Task brief.
Apart from the pictures, the listing is to be returned exactly.

Data block.
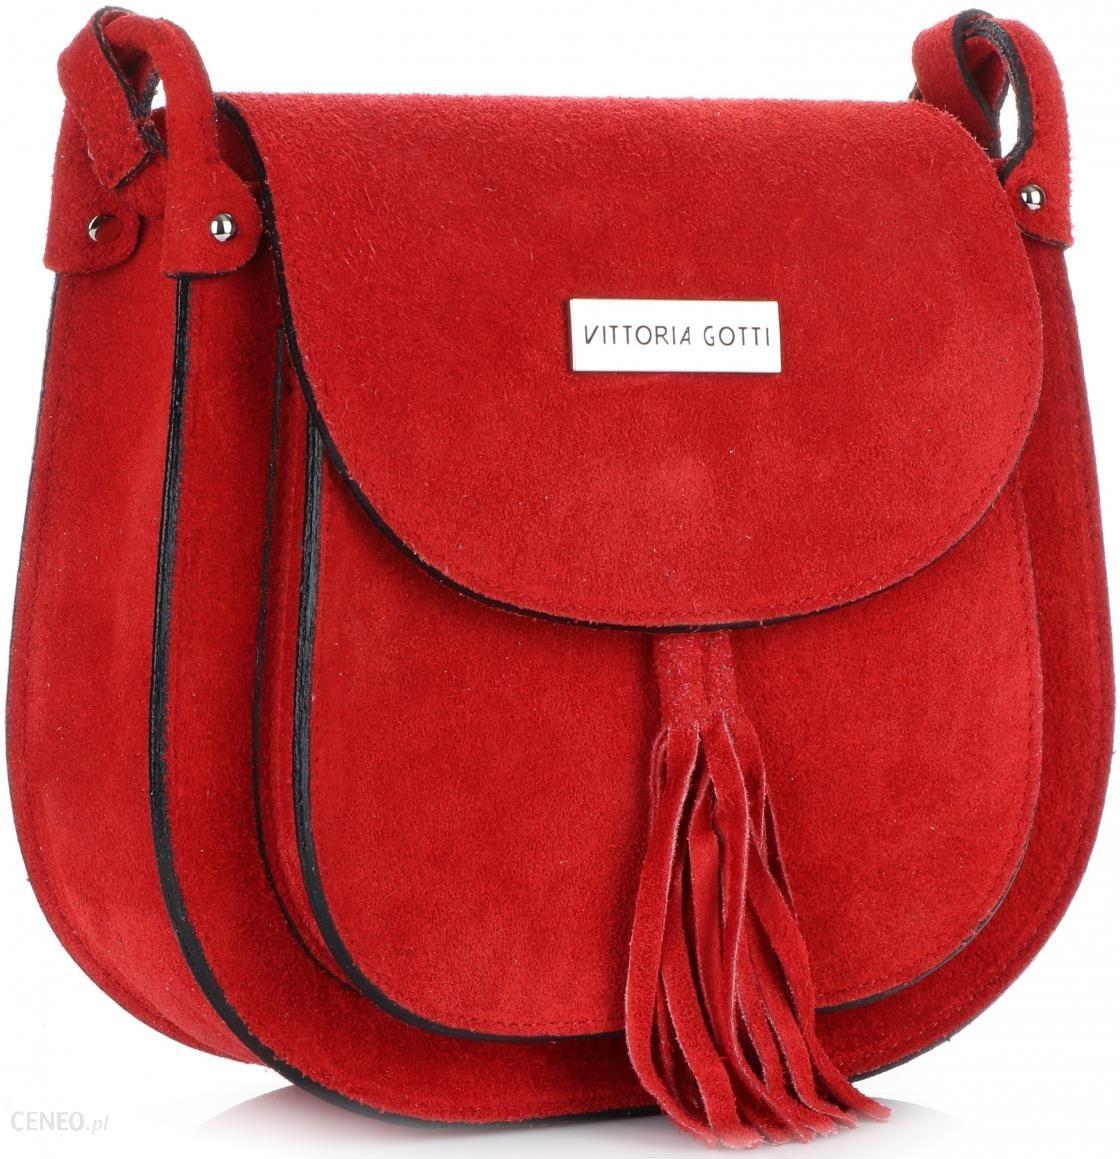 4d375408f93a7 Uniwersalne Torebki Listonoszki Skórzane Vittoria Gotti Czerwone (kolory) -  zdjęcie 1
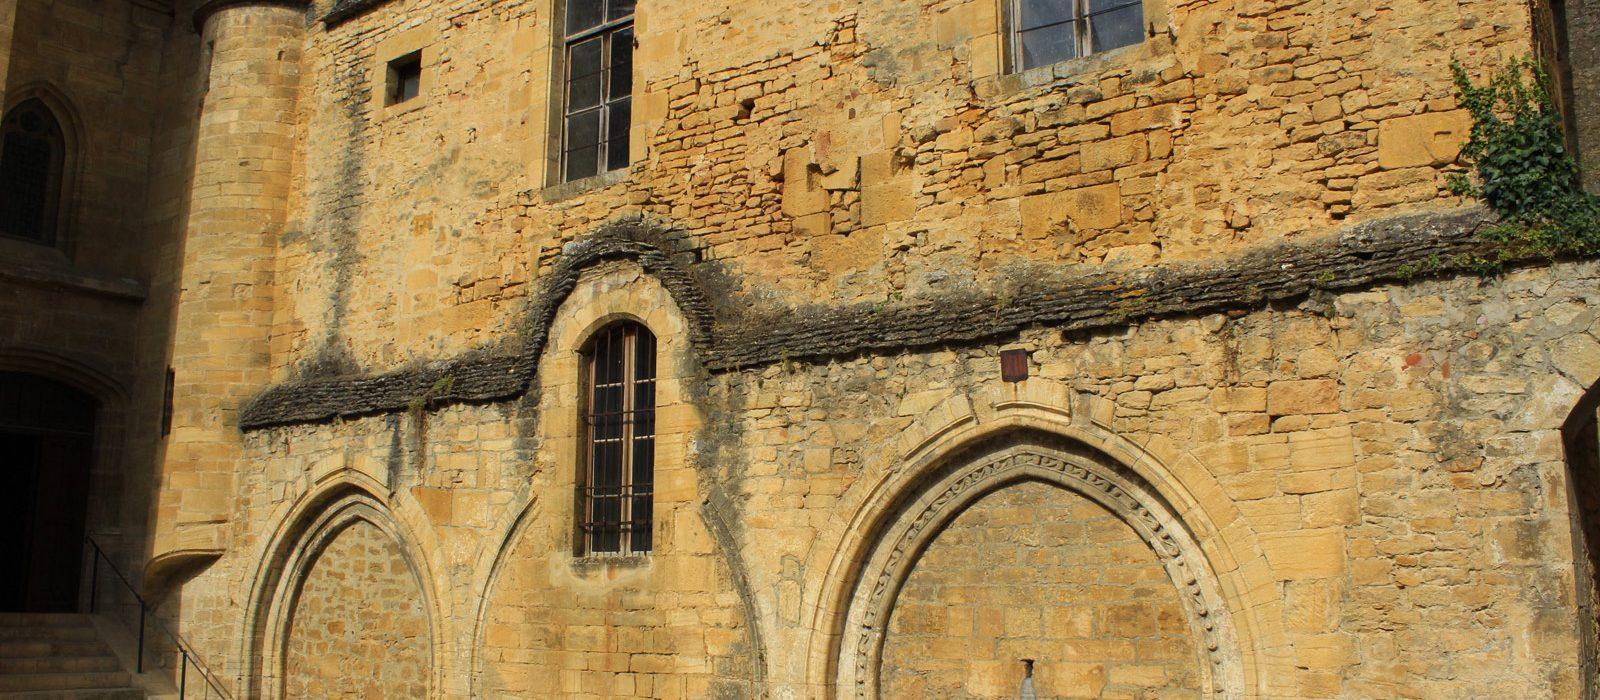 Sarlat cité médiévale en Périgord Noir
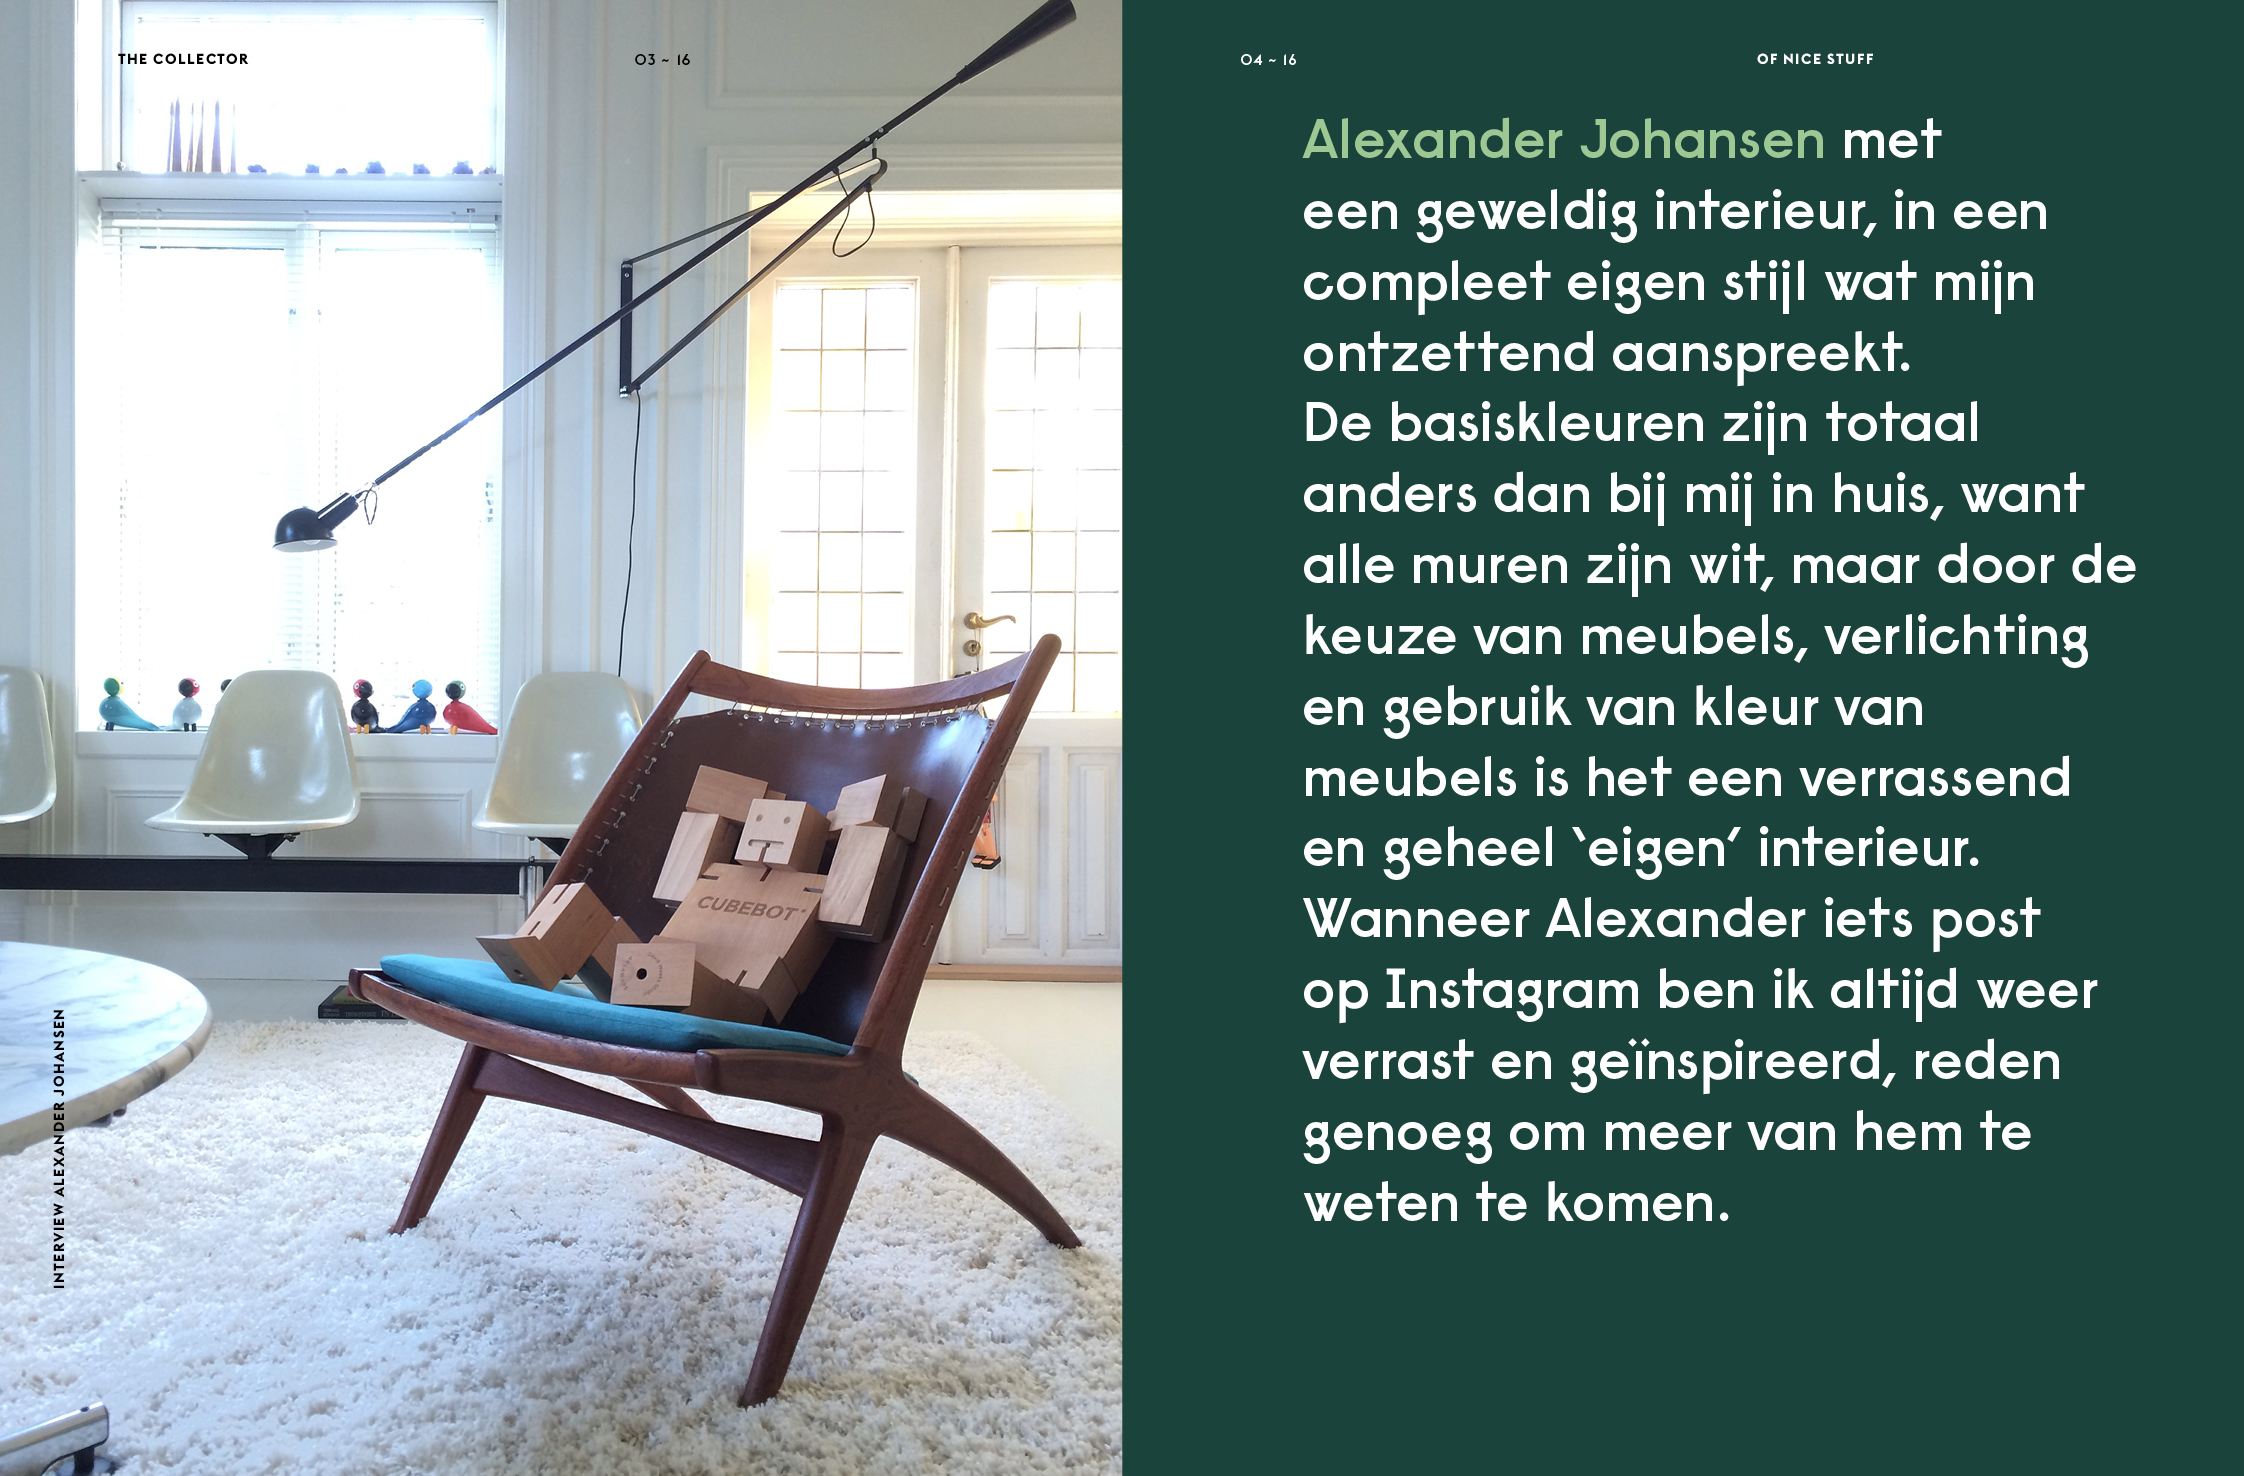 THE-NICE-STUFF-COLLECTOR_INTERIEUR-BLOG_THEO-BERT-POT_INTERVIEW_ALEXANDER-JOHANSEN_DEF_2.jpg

Exercise response.
 4d375408f93a7 Uniwersalne Torebki Listonoszki Skórzane Vittoria Gotti Czerwone (kolory) -  zdjęcie 1
 Sarlat cité médiévale en Périgord Noir
 THE-NICE-STUFF-COLLECTOR_INTERIEUR-BLOG_THEO-BERT-POT_INTERVIEW_ALEXANDER-JOHANSEN_DEF_2.jpg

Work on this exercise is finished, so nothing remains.